Maio's influence as a courtier of William was great. His administration is noted primarily for consolidating the centralisation begun under the first two Rogers. Though he neglected the widespread conquests (wrought largely by George of Antioch) of the kingdom, he assured a stability that proved after his death to be very volatile. The King's confidence in him was so great as to result in the nomination of his brother Stephen and his brother-in-law Simon to high posts of captain in Apulia and seneschal. According to his enemy the chronicler "Hugo Falcandus" put it:

This Maio was a very monster; indeed, it would be impossible to find vermin more loathsome, more pernicious or more damaging to the Kingdom. His character was capable of any baseness, and his eloquence was equal to his character. Great was his facility for pretence or dissimulation at will. He was, in addition, much given to debauchery, for ever seeking to bring noble matrons and virgins to his bed; the more unstained their virtue, the more ardently did he strive to possess them.

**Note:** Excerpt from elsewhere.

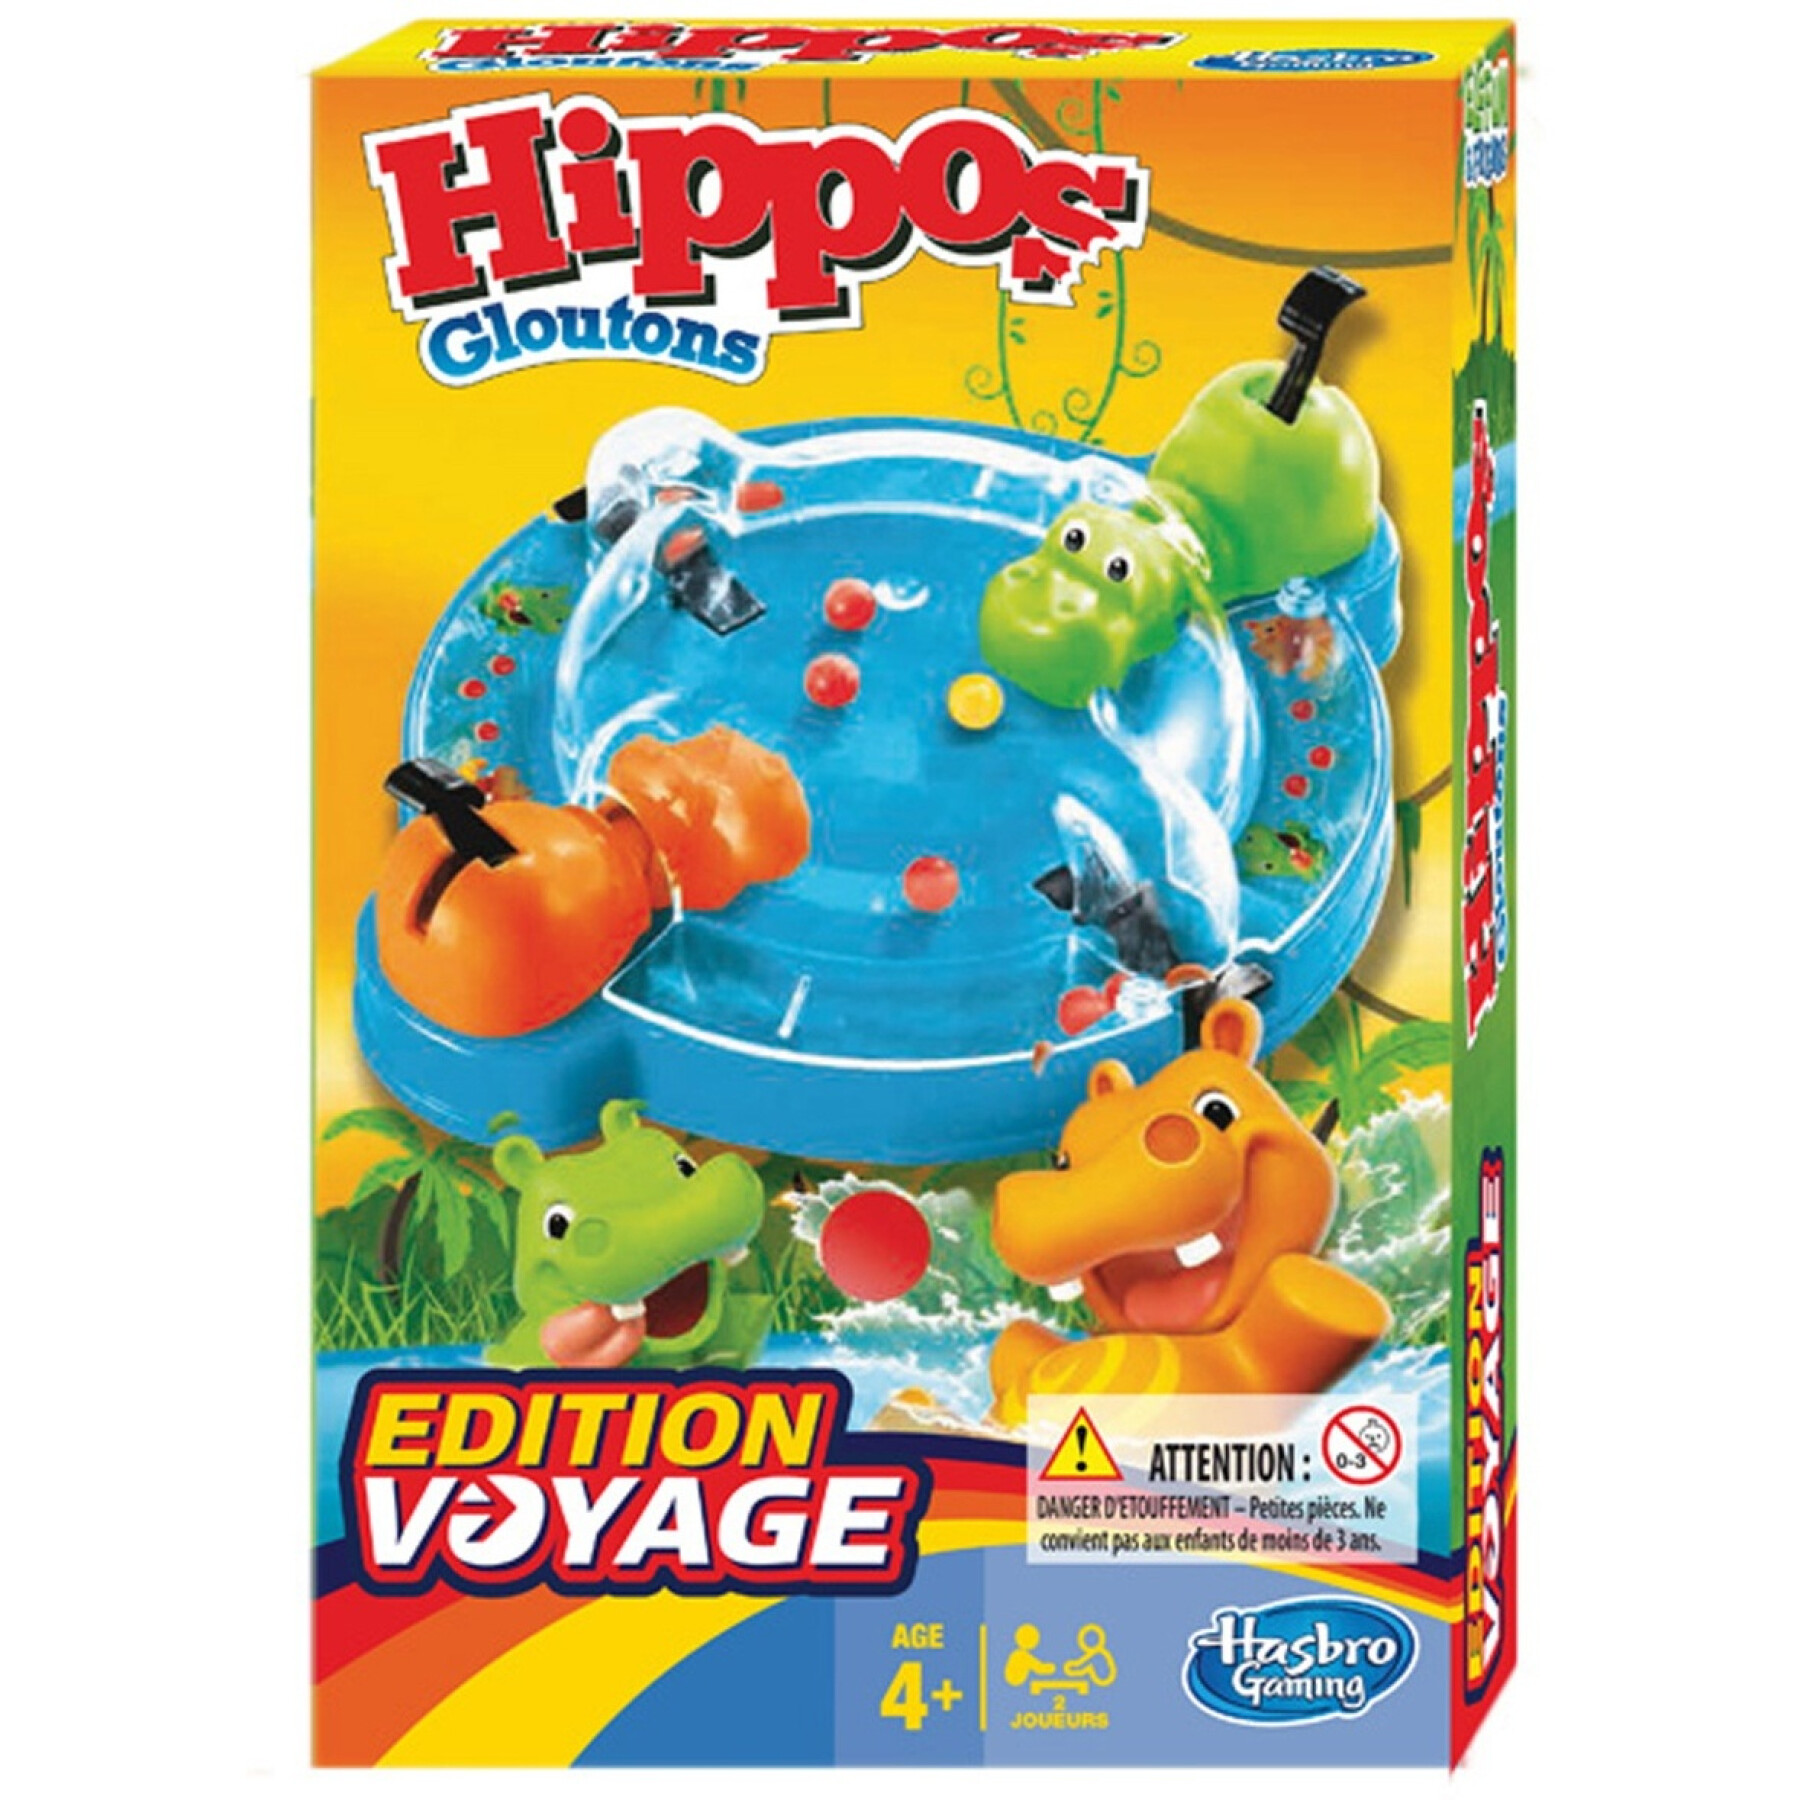 Board games hippos gloutons voyage Hasbro France France

Maio wrote an "Exposition of the Lord's Prayer" in the scholastic tradition.

==Sources==
- Johns, Jeremy (1999). "The Mystery at Chùrchuro: Conspiracy or Incompetence in Twelfth-Century Sicily?"
- Metcalfe, Alex (2009). "Muslims of Medieval Italy"
- Alio, Jacqueline. Margaret, Queen of Sicily. New York: Trinacria, 2017.
- Norwich, J. J. The Kingdom in the Sun, 1130–1194. London: Longman, 1970.